Хоть молитесь черту,
Победит четвертый!
Во всех схватках
Пятый на лопатках.
„Ну-ну, разик, еще раз, рванем – что, съели?" Ягуар говорит: „Сейчас они нам дадут – плевать им, что тут генералы. Будет исторический бой. Видели, как на меня Гамбарина смотрит?" Ребята на местах матерятся, Уарина мечется туда-сюда: „Полковник и министр все слышат, взводные, записывай по пять человек, по семь, по десять, месяц, нет, два без увольнительной". А ну, ребята, нажми, еще разок, покажем, что мы настоящие мужчины, а не бабы. Ну, мы нажали, и тут вижу я, с трибун, где пятый, ползет пятно, бурое, в красных пятнышках, растет, расплывается. „Пятый идет! – орет Ягуар. – Держись, ребята!" Тут Гамбарина выпустил канат, и они все свалились, прямо на черту, я кричу: „Победа!", а Ягуар и Гамбарина уже схватились – катаются, а Уриосте и Сапата бегут мимо меня и давай лупить пятый, языки вывалили, а на трибунах пятно растет, а тут Пальяста сорвал с себя майку и машет нашим: сюда, ребята, линчуют! Лейтенант хотел разнять Ягуара и Гамбарину, не видит, что сзади куча мала. „Вы что, гады, слепые? Полковник смотрит". И тут поползло другое пятно – наши идут! Весь курс – один Кружок, где ты, Кава, друг, где ты, Кудрявый? – все плечом к плечу, все вернулись в стадо, а мы – главари. Тут полковник заверещал: „Офицеры, офицеры, прекратить безобразие!

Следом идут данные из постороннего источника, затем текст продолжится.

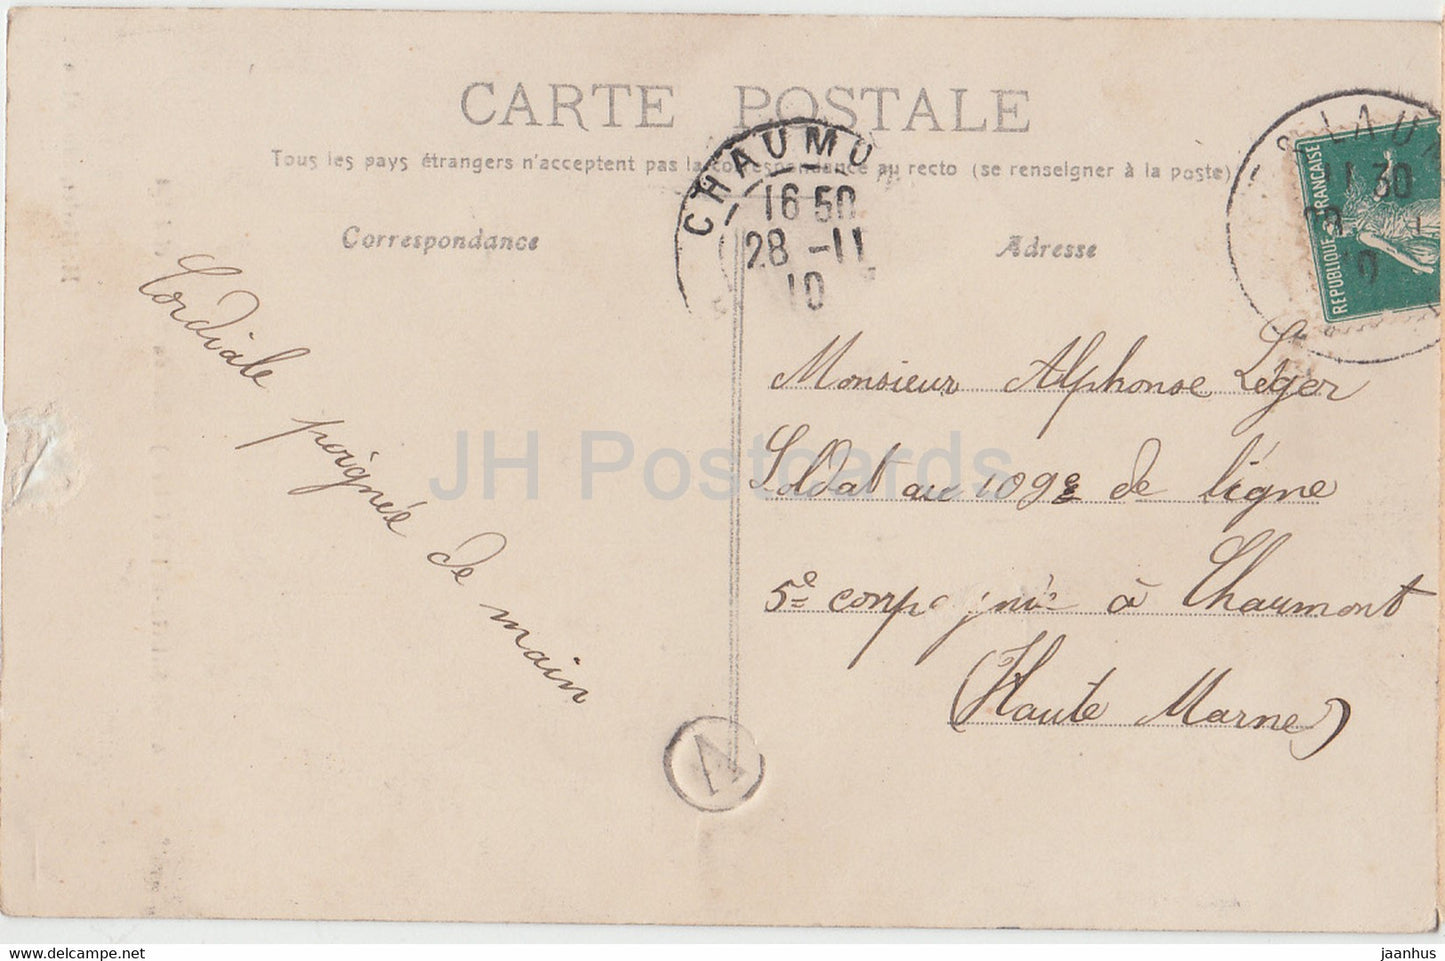 Alise Sainte Reine - Rue du Miroir - core est  - old postcard - 1910 - France - used

Какой позор для училища!" А я вижу, прет тот самый тип, который меня крестил, с синим рылом, – подождите, ребятки, один счетец сведу, видел бы меня брат, ух он этих дикарей не любит; разинул пасть, трус поганый, – все они трусы, а тут ка-ак стали нас ремнями стегать, офицеры и сержанты сняли ремни, и еще, говорят, с трибун поднабежали, и из приглашенных тоже ремни сняли, хоть и чужие, а не струсили, мне, кажется, пряжкой попало, и не раз, всю спину ободрали. „Это заговор, сеньор генерал, я им покажу!" – „Какой, к чертовой матери, заговор, сеньор, остановите их, так и так". – „Сеньор полковник, выключите микрофон", свистят, секут, лейтенант на лейтенанте, ничего не поймешь, спину печет, а Ягуар с Гамбариной сцепились на траве – прямо осьминоги. Ну ничего, Худолайка, вывезла нелегкая, только не кусайся. Стали мы в шеренгу, все тело печет, а устал как – сил нету, так и бросился бы на травку. Все молчат, тихо – не поверишь, только дышим, раз-раз, грудь так и ходит, про увольнительную небось никто и не думал, только бы до койки добрести.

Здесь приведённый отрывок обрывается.